* The data *

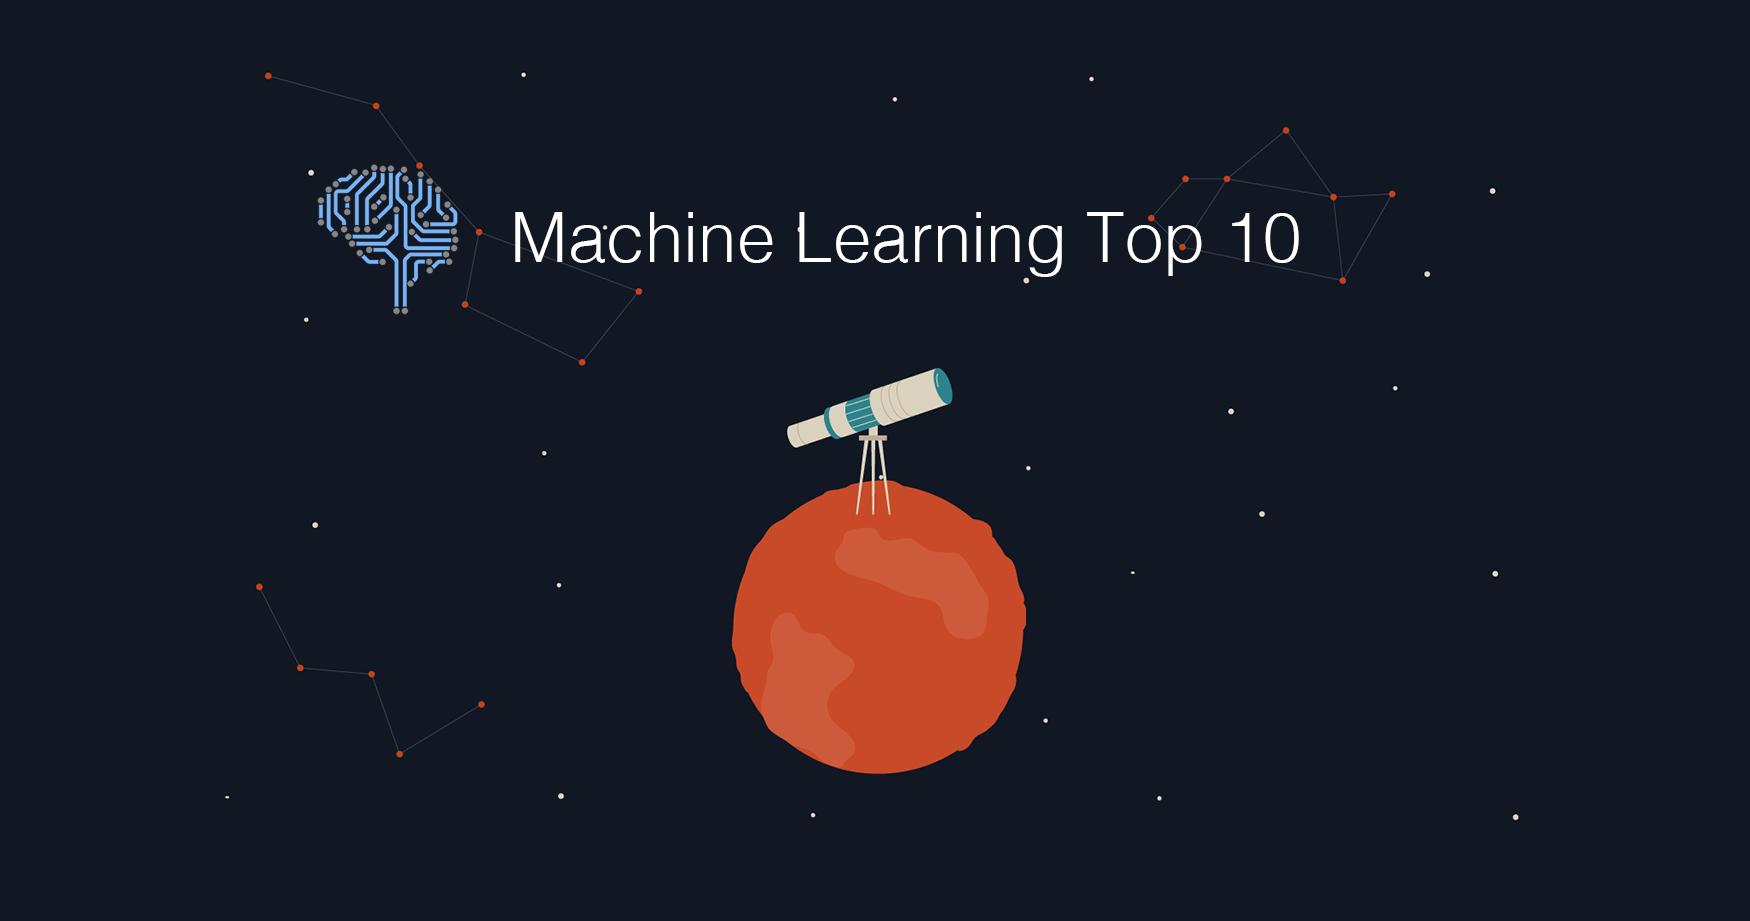 ТОП-10 англоязычных публикаций по машинному обучению за апрель 2018
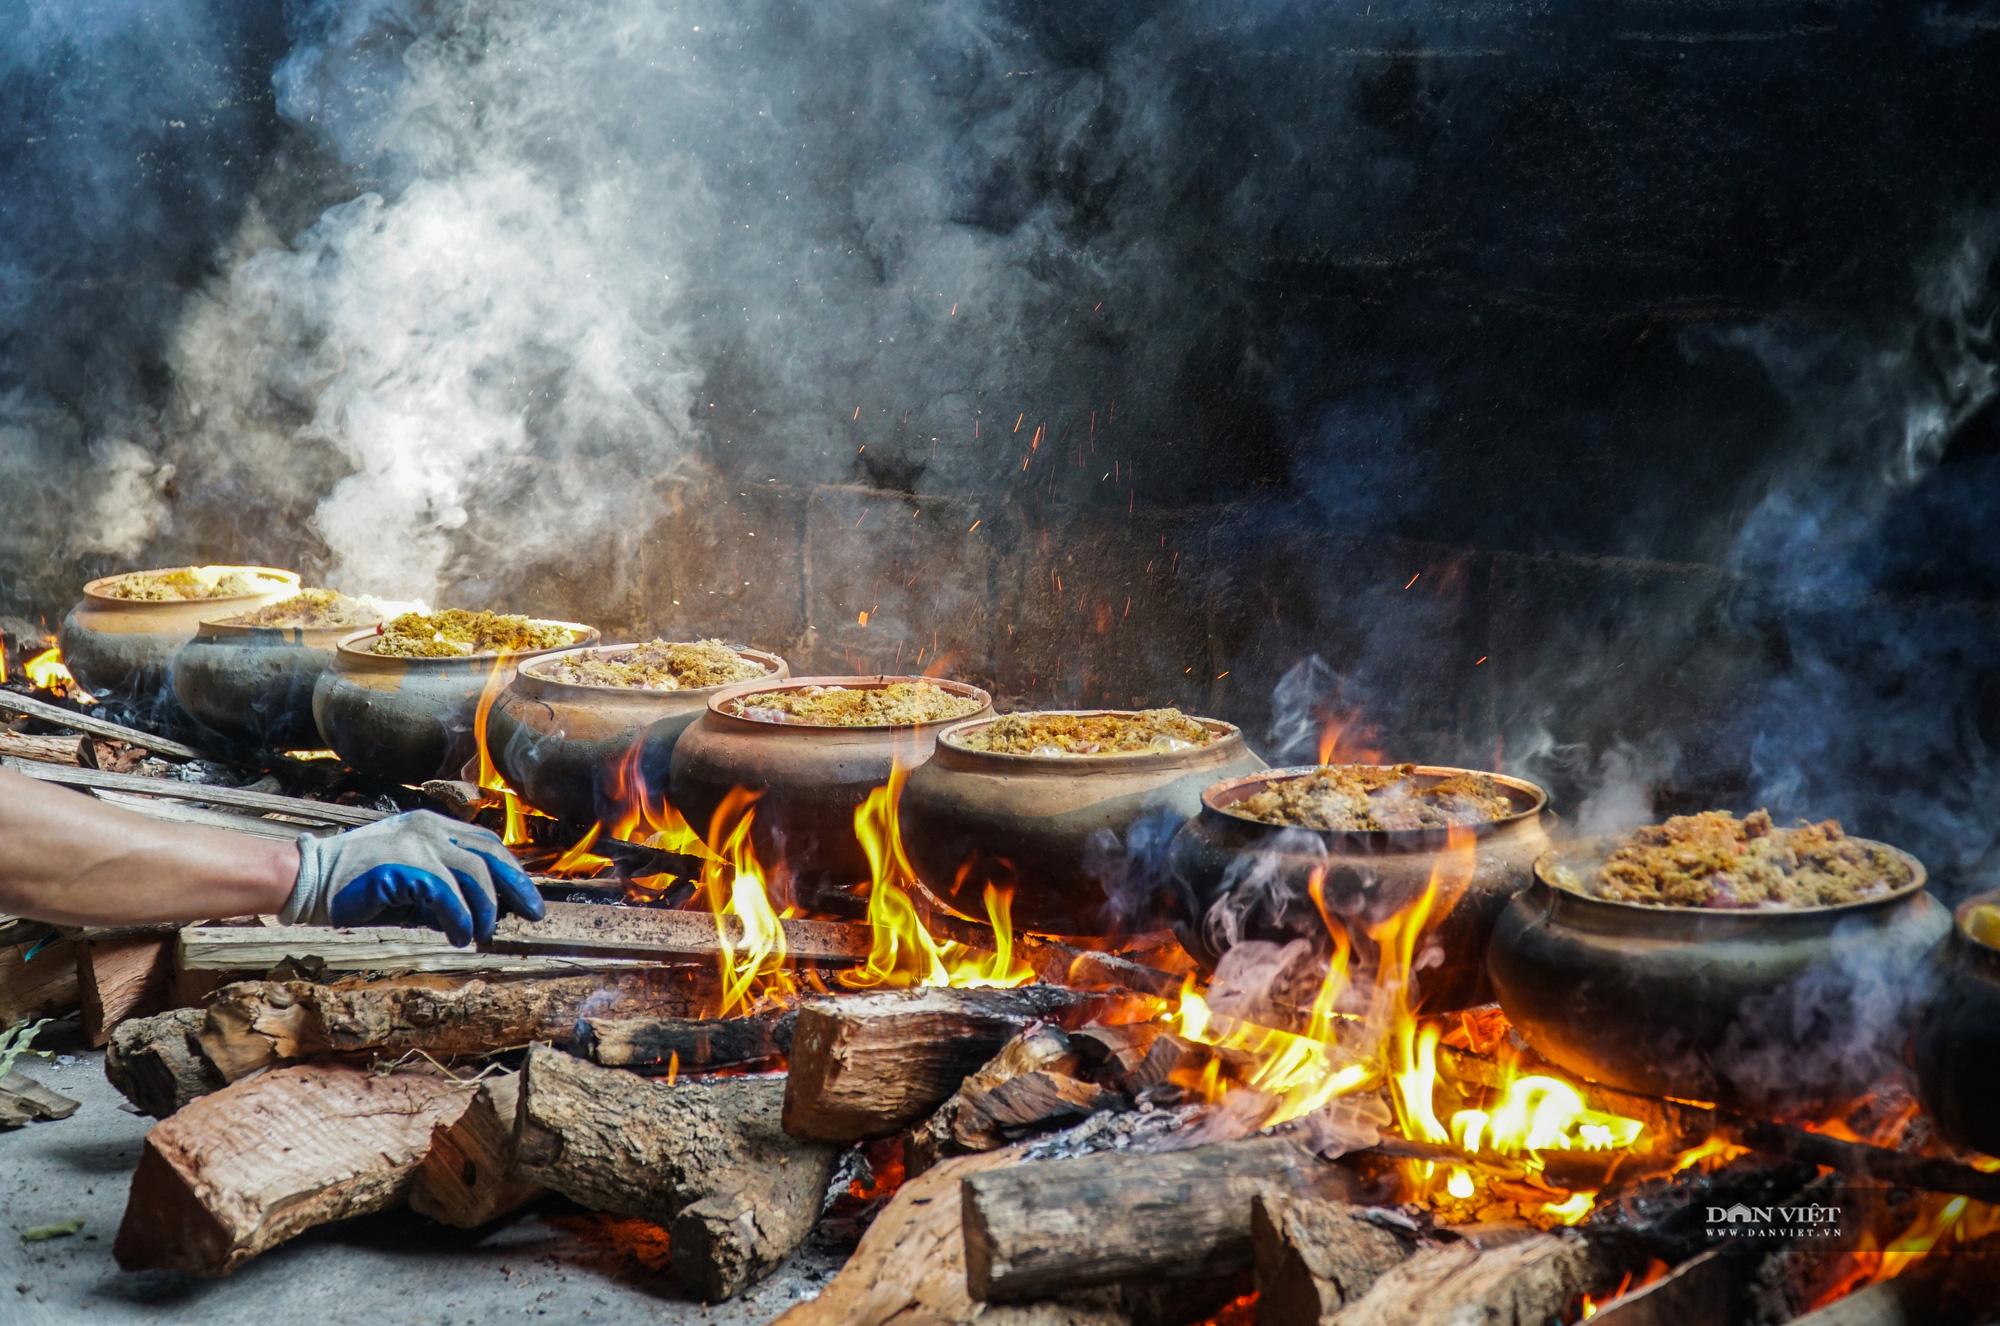 Nghi ngút khói bếp kho cá làng Vũ Đại những ngày cận Tết - Ảnh 1.
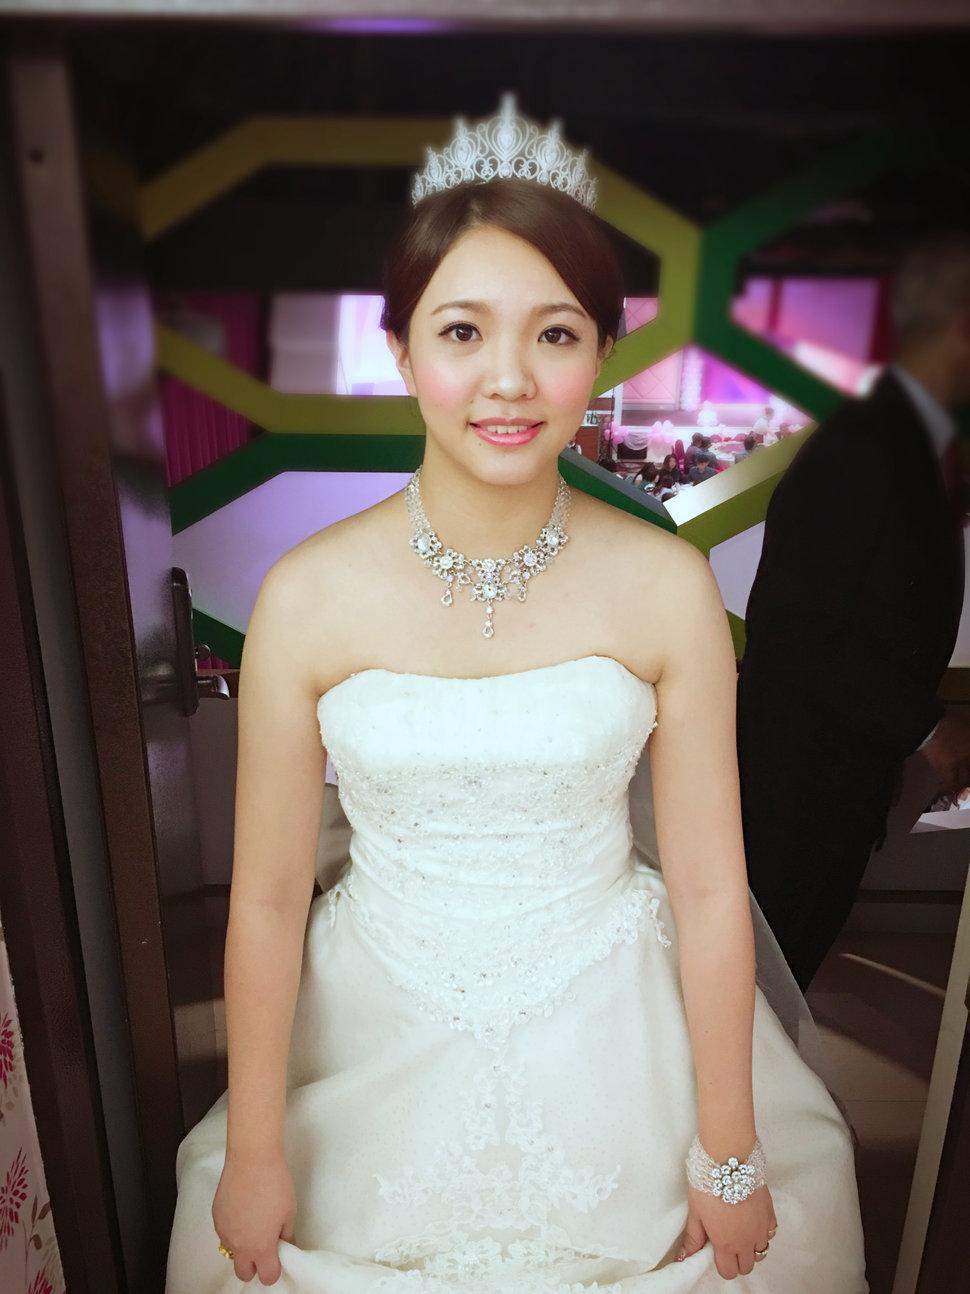 E5B15587-1703-40B1-8B22-47904ACB7179 - 李宥萱 - 結婚吧

* Problem to work on *
Print all the lines above again exactly, without any pictures.

* Result of this exercise *
 ТОП-10 англоязычных публикаций по машинному обучению за апрель 2018
 Nghi ngút khói bếp kho cá làng Vũ Đại những ngày cận Tết - Ảnh 1.
 E5B15587-1703-40B1-8B22-47904ACB7179 - 李宥萱 - 結婚吧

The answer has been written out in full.